■ **EXCERPTED RECORDS**:

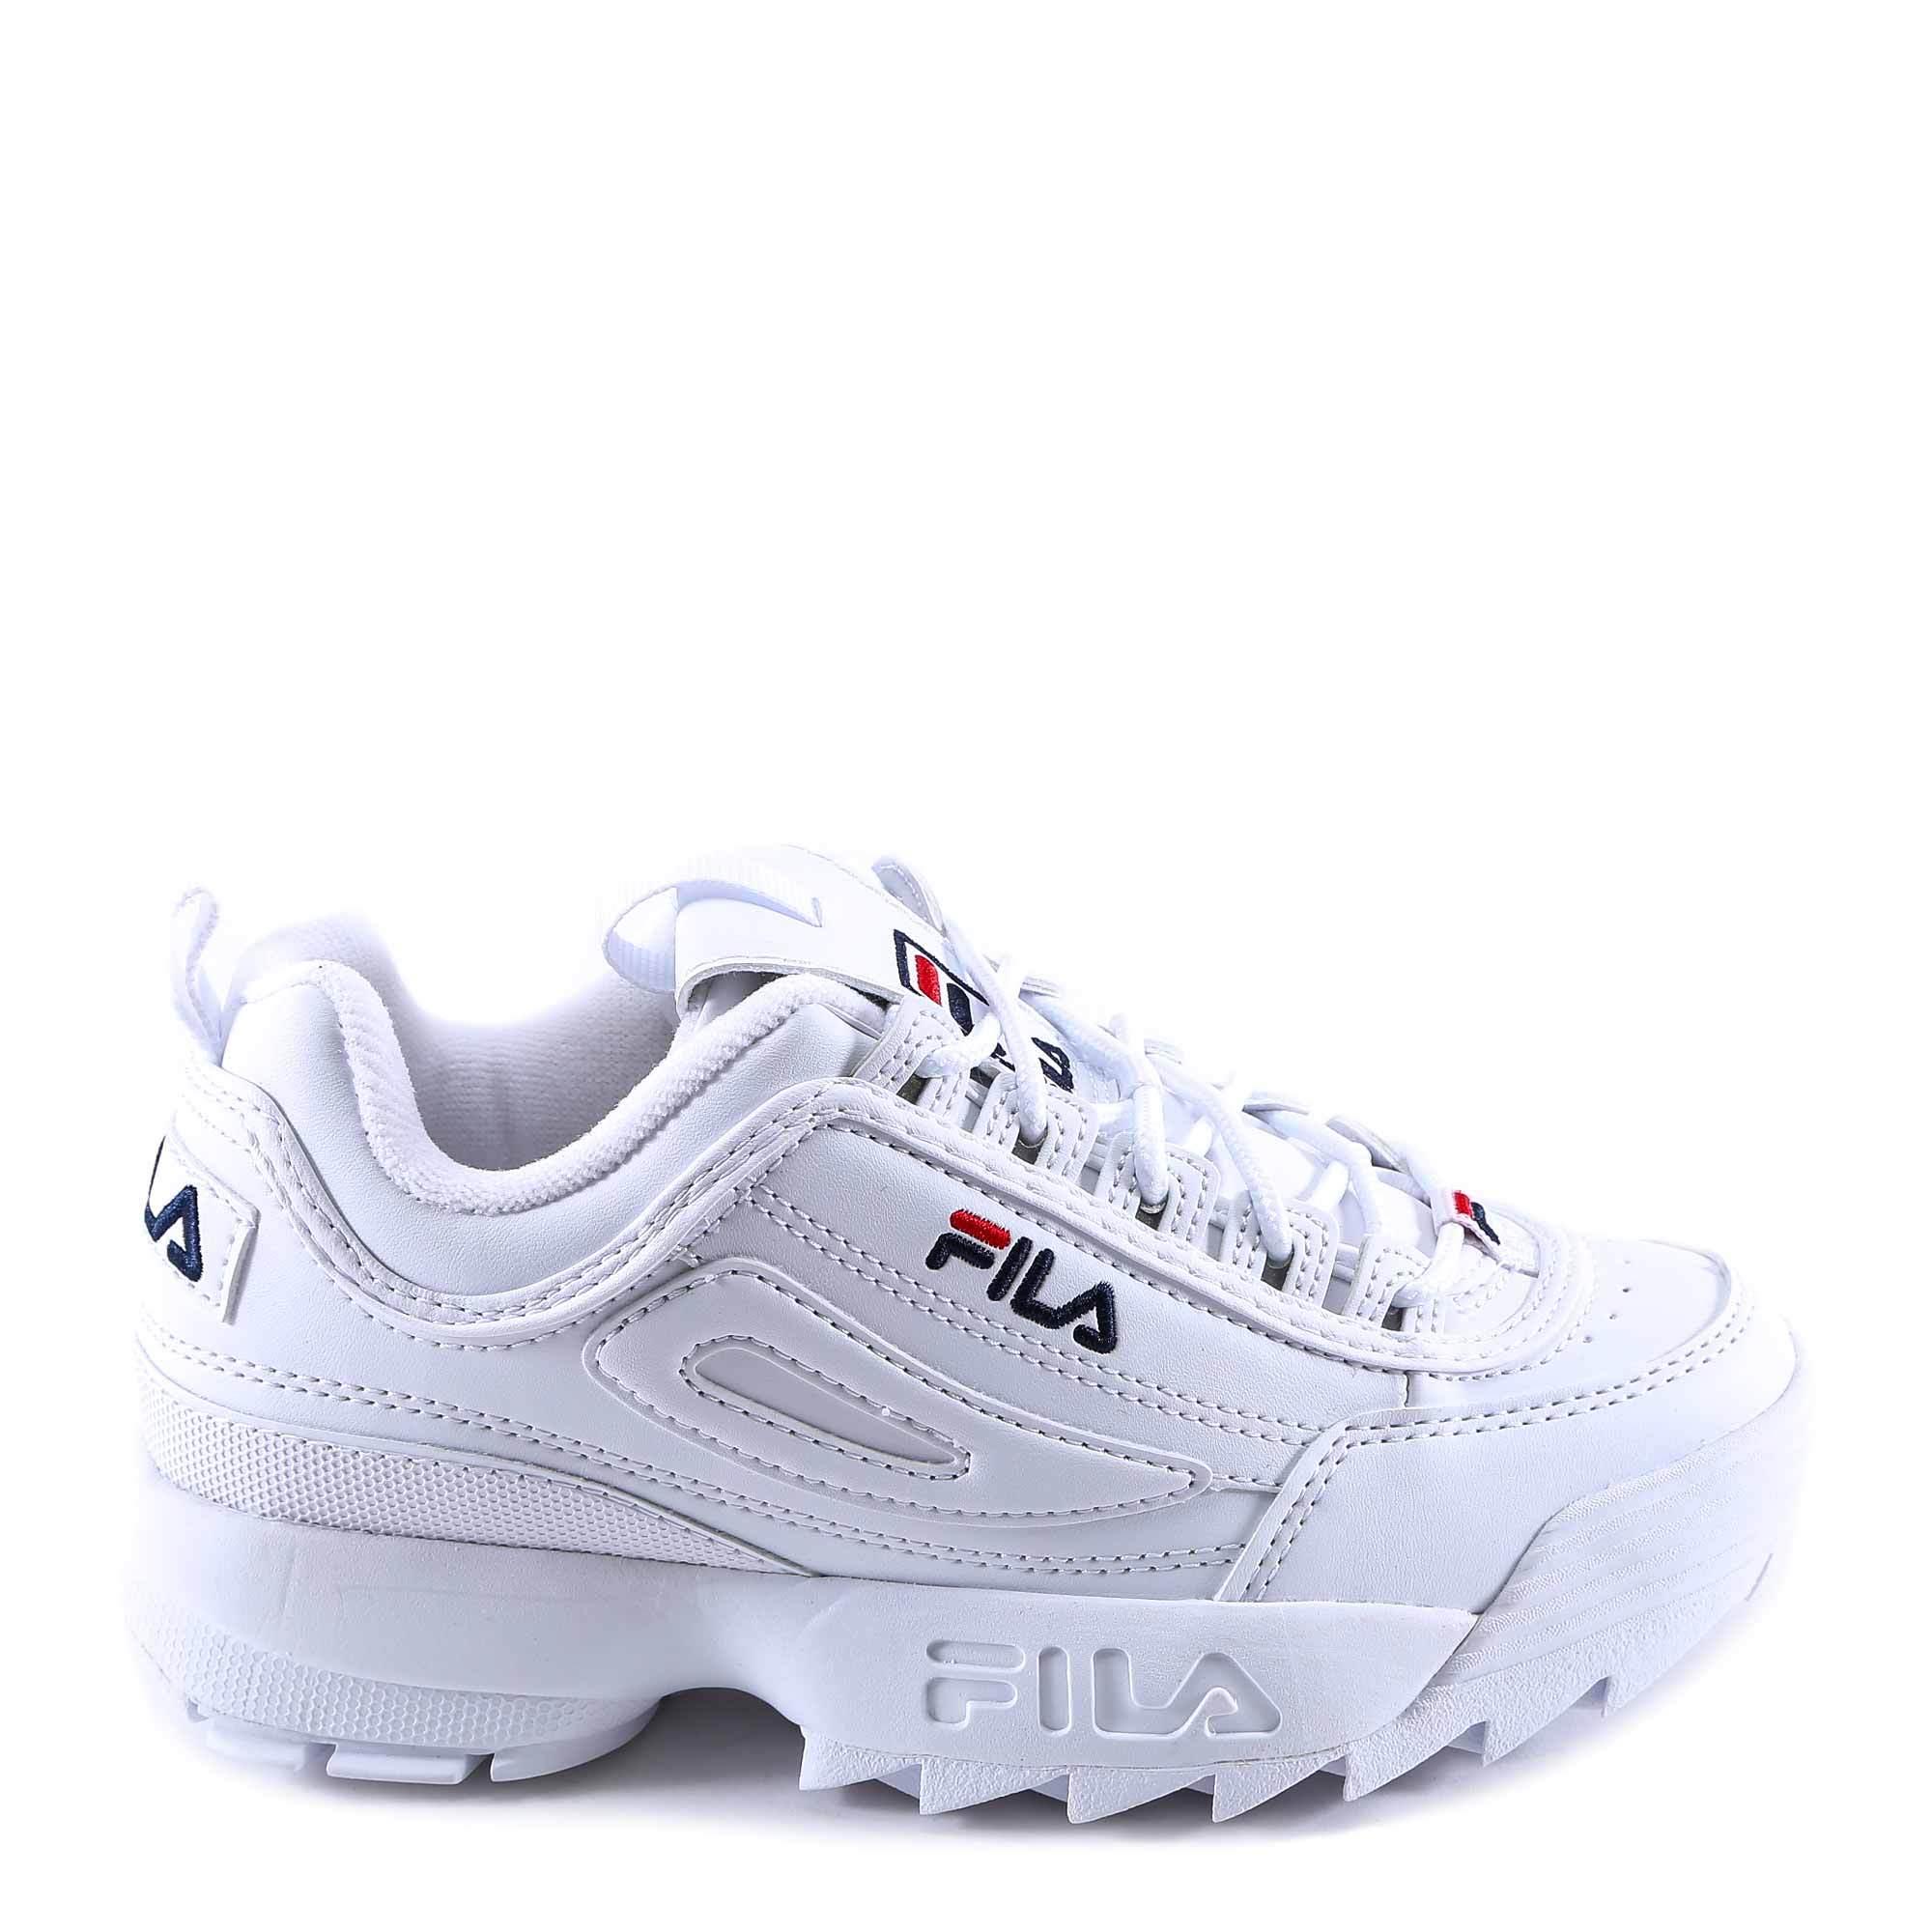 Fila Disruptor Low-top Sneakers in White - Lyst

--

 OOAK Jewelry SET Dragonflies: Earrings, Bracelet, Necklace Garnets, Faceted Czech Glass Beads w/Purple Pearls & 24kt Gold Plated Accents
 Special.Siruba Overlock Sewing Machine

---

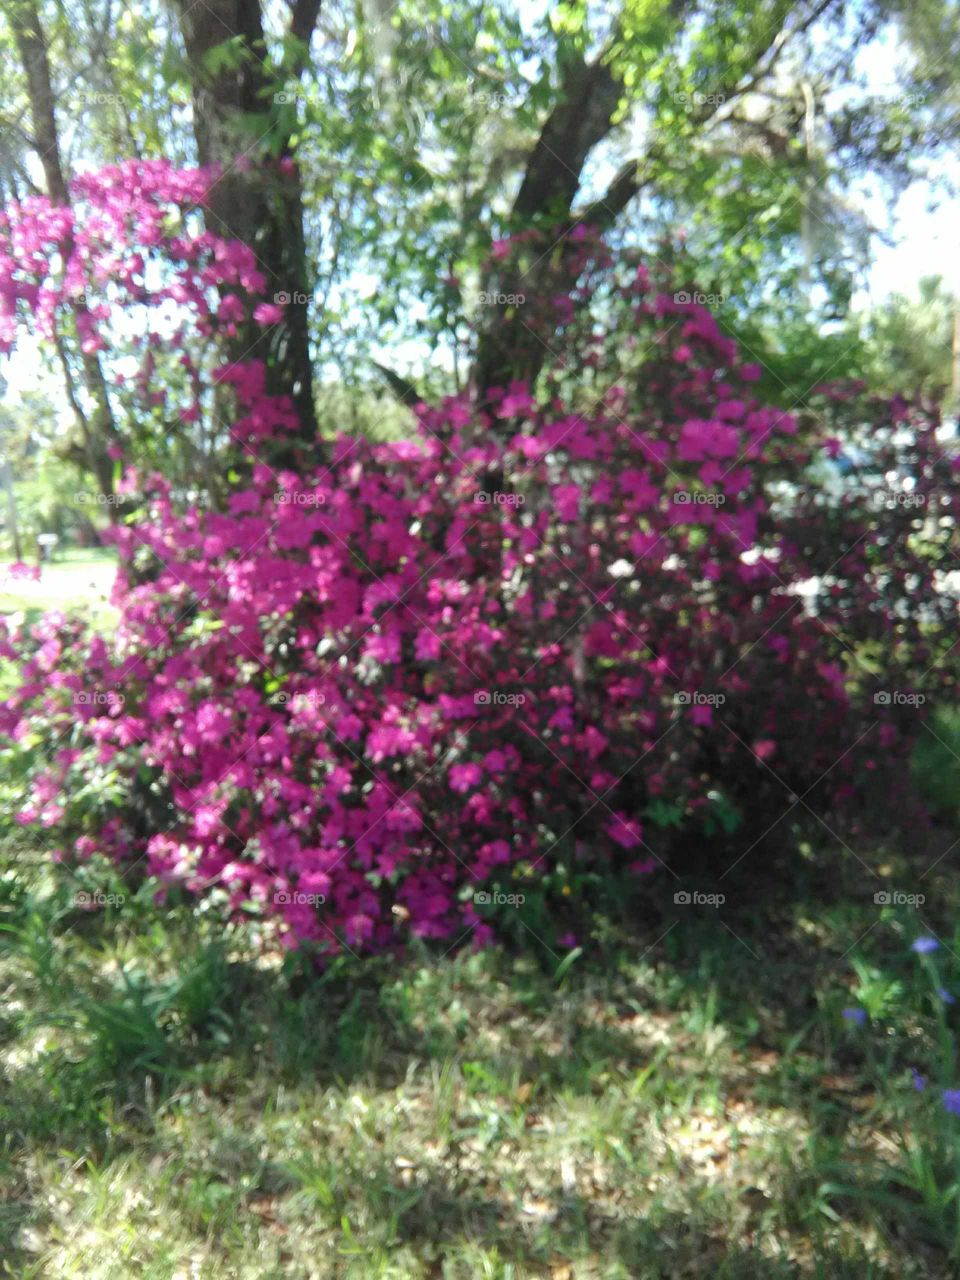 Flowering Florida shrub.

■ **EXERCISE**:
Only the lines above starting at the line that holds "OOAK Jewelry SET" and ending at the line that holds "Special.Siruba Overlock Sewing Machine" are to be repeated, exactly and in full.

■ **TASK SOLUTION**:
 OOAK Jewelry SET Dragonflies: Earrings, Bracelet, Necklace Garnets, Faceted Czech Glass Beads w/Purple Pearls & 24kt Gold Plated Accents
 Special.Siruba Overlock Sewing Machine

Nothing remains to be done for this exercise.